Mr Rudd first announced the formation of the Institute in April but used the meeting in the Italian town of ‘L’Aquila to relaunch it.

Mr Rudd says 23 governments and more than 100 companies are now backing the Australian institute.

“It’s mission is clear,” he said.

“It’s to get large-scale carbon capture and storage projects done around the world, not just discussed.

“Unless we do these projects we will not have an effect in bringing down those huge numbers of energy production I referred to before coming from coal, and their greenhouse emission impact.”

via Rudd takes centre stage in climate talks – ABC News (Australian Broadcasting Corporation).

Lessons for Australian ETS

With the recent passing of the climate legislation in the US Congress it is important to look at two aspects of a cap and trade system. One is the effect of free permits and the second the value of carbon offsets.

Good lesson for the Australian ETS. Both links are the courtesy of Greg Mankiw.

On the free permits:

In simple economic models, a cap-and-trade system can be identical to a carbon tax. If the government sells all of the permits to firms at auction, it raises the same revenue as if it had imposed a tax on carbon. Like a carbon tax, a cap-and-trade system is a market-based regulatory mechanism to reduce carbon emissions. These mechanisms impose a cost on carbon emissions by requiring emitters to either pay a tax or obtain a permit. Ideally, this cost should be equal to the environmental damage caused by emissions. Market-based solutions tend to be the most efficient regulatory approach for correcting environmental externalities because producers and consumers are left free to choose the most cost-effective way to reduce emissions. This efficiency can be lost under regulatory systems that dictate particular ways to reduce emissions.

[...]

Therefore, under a system of free permit allocation, the stockholders of companies that receive free permits would receive windfall gains. A cap-and-trade system with freely allocated permits is equivalent to a carbon tax in which the tax revenue is given to stockholders. This gift does not provide the economic benefits of a reduction in taxes on business investment, because the gift is not linked to firms’ current investments.

On Carbon offsets:

So what is the problem with offsets? In a nutshell, it is a problem of measurement. One of the nice features of a cap-and-trade program is that it is fairly easy to measure emissions. The existing acid rain cap-and-trade program requires power plants to install sulfur dioxide monitors in their smoke stacks, which provide precise information to the Environmental Protection Agency at low administrative cost. (The acid rain program does not allow sulfur dioxide offsets.) For a carbon cap-and-trade program, emissions would be measured based on the carbon content of different fossil fuels, which is also a relatively straightforward procedure. But offsets require the measurement of emission reductions, rather than emissions. This simple difference introduces a host of problems, because it is awfully difficult to know what would have happened to emissions absent a given offset project. For example, planting a tree will only lead to a net reduction in carbon emissions if 1) the tree would not have been planted without the offset provision, and 2) the tree will not be subsequently destroyed after the offset purchase takes place. If these two conditions, known as additionality and permanence, are not met, then offsets will not amount to real reductions, and allowing them will loosen the pre-established emissions cap.

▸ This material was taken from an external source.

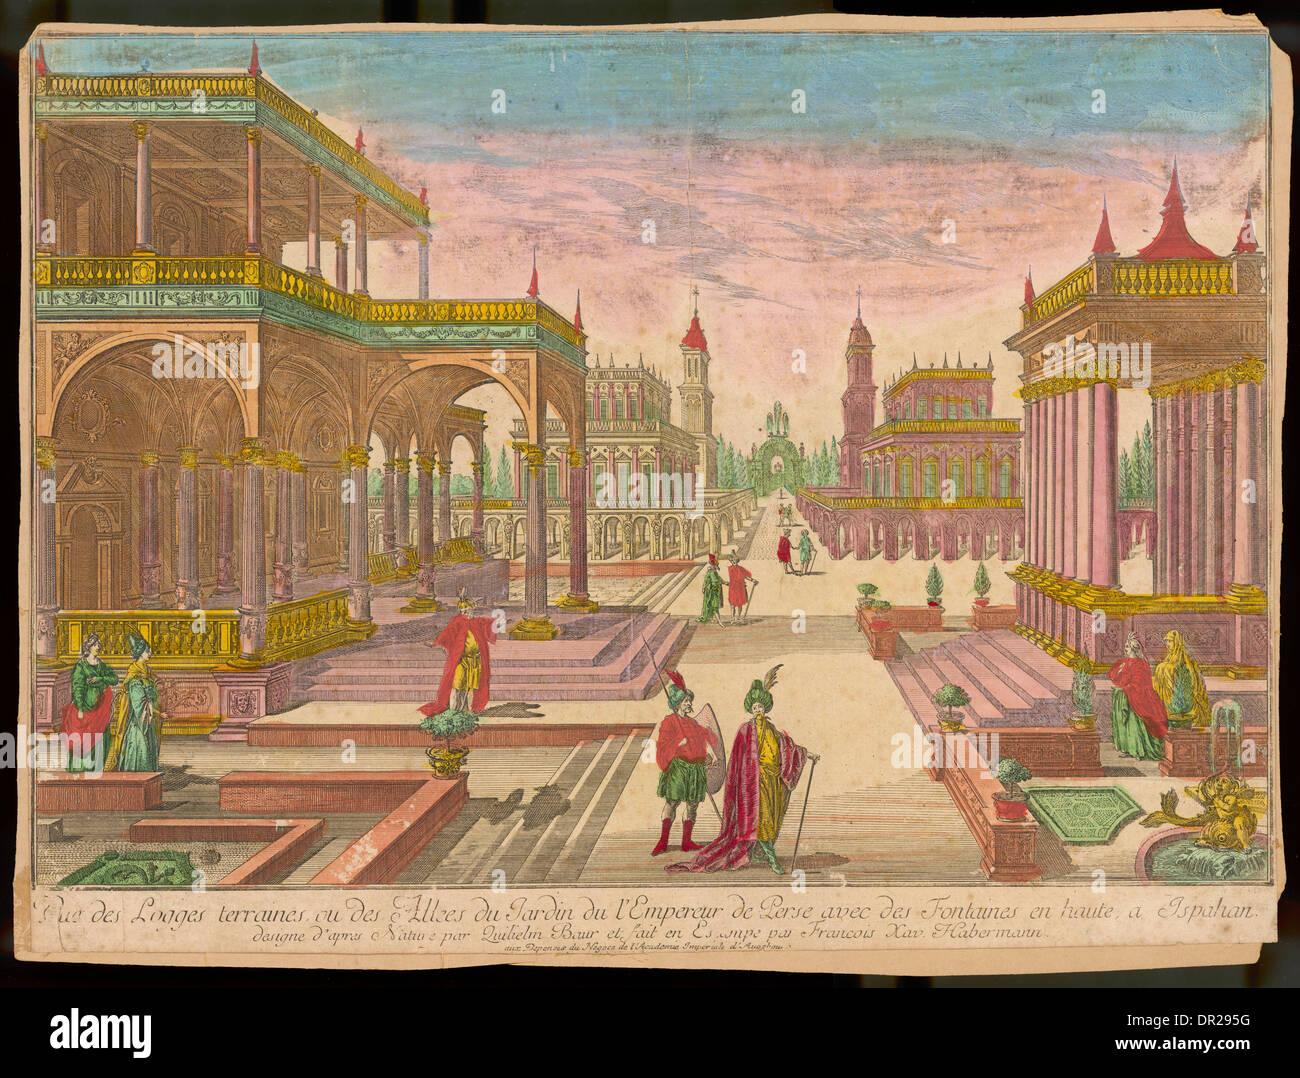 ESFAHAN, 18TH CENTURY - Stock Image

The House learned this lesson the hard way. Shortly after purchasing carbon offsets from the Chicago Climate Exchange, the Washington Post reported that the emissions reductions were rather illusory. To take just one important example, the House spent $14,500 to pay farmers for carbon-reducing “no-till” farming, even though the practice was started prior to the purchase of the offsets. Farmers might have been motivated to practice no-till farming to reduce fuel use or to qualify for federal soil-conservation funds. By failing to meet the additionality requirement for offsets, the money spent by the House on no-till farming did not result in the intended amount of carbon reductions.